Loki had come to accept early on in his long life that he would never sport such an eyesore of a facial feature as was seen mocking his otherwise perfect appearance. It wasn’t even a dashing looking mark like Fandral had, that suave blond bastard. He had long since come to take pride in his smooth, hairless appearance though as Volstagg and Thor were proof that with great hair comes great irresponsibility. Whenever there was a great feast within the palace walls, and there was always a feast for some reason or another, between the two of those bilgesnipes there would be a massacre that started at the dining table and end on their face. And Frigga wondered why Loki wasn’t gorging himself during the feasts like everyone else was.
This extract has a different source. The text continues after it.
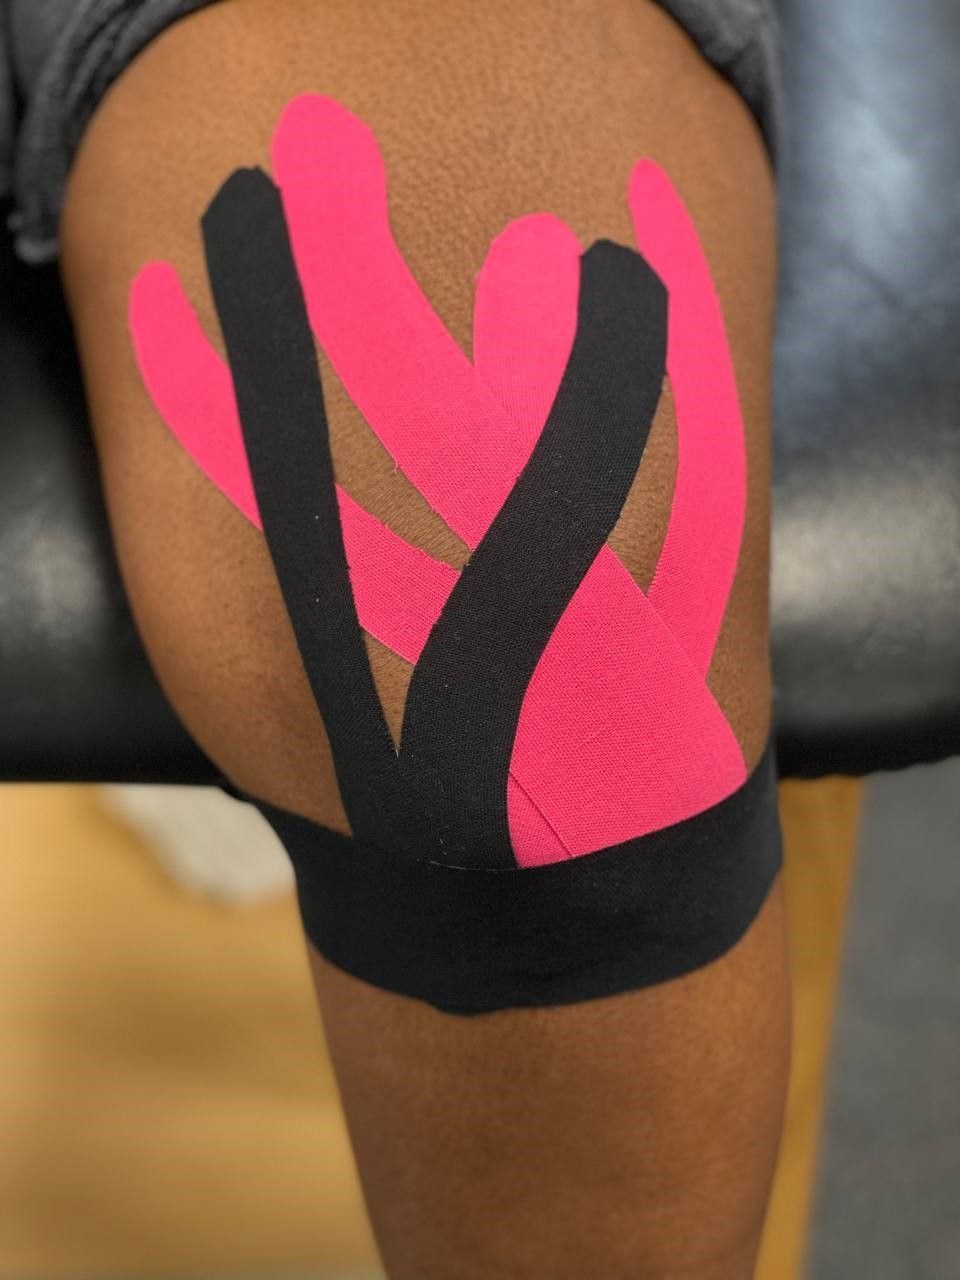 Back in the Game patient enjoying the benefits of kinesiology tape, they are wearing hot pink and black tapes

It wasn’t that hard to figure out when you’re stuck sitting between the beast with two beards, you either grow a stronger stomach or lose your appetite quite quick.
It also wasn’t hard to figure out that because it was impossible for Loki to grow face fuzz that not only was the one he had now not natural, but it wasn’t his doing at all and thus someone had to answer for that crime. No amount of scrubbing, potions, illusions, shapeshifting, or even old fashioned makeup could get rid of it either which further irked him but also narrowed down his list of suspects to one person. just the one, that had both access to his personal chambers within the palace walls but more importantly was foolish enough to prank the trickster god while he was taking a much needed nap after sparring against his brute of an older brother. Just one royal resident in fact besides Loki himself had inherited Frigga’s gift for magic as was clearly the source of this monstrosity of a moustache as if the mere sight of it didn’t irritate him enough. That fool was toast.
Loki threw open his bedchamber doors with vengeance in his eyes, already knowing his prey wouldn’t be too far, wanting to see his reaction to what transpired before running off. Right on cue as the door banged open, Loki could hear not too distant wicked giggling and the quickened pace of hasty foosteps fleeing from him. The telltale signs of a brat about to be caught that was too troublesome and young to master a decent gambling face, especially when they’re enjoying their troublemaking entirely too much. Loki easily started gaining on the little gremlin before their rounded a corner and disappeared into the nearest room with a squeal of, “save meeee!” Loki wasted no time blasting open the doors the brat was hiding behind with a wave of his hand which was still glowing green with his own magic to see Thor standing between him and his prey unsurprisingly, arms crossed and attempting to look imposing to someone that grew up with his own shenanigans. 
“Step aside, brother, I have a pesky little bug to squash,” growled Loki, his gaze fixed on the twerp hiding behind Thor.
“I know you don’t mean my son but as I don’t see any other living thing here besides us, I think you must be mistaken on there being anything here to squish,” Thor challenged back.
Loki rolled his eyes at Thor’s attempt at diplomacy. “The only mistake here besides your attempt to stop me is your son’s current choice in free time activities and that is why I’m here to see that he fixes it before I fix him.”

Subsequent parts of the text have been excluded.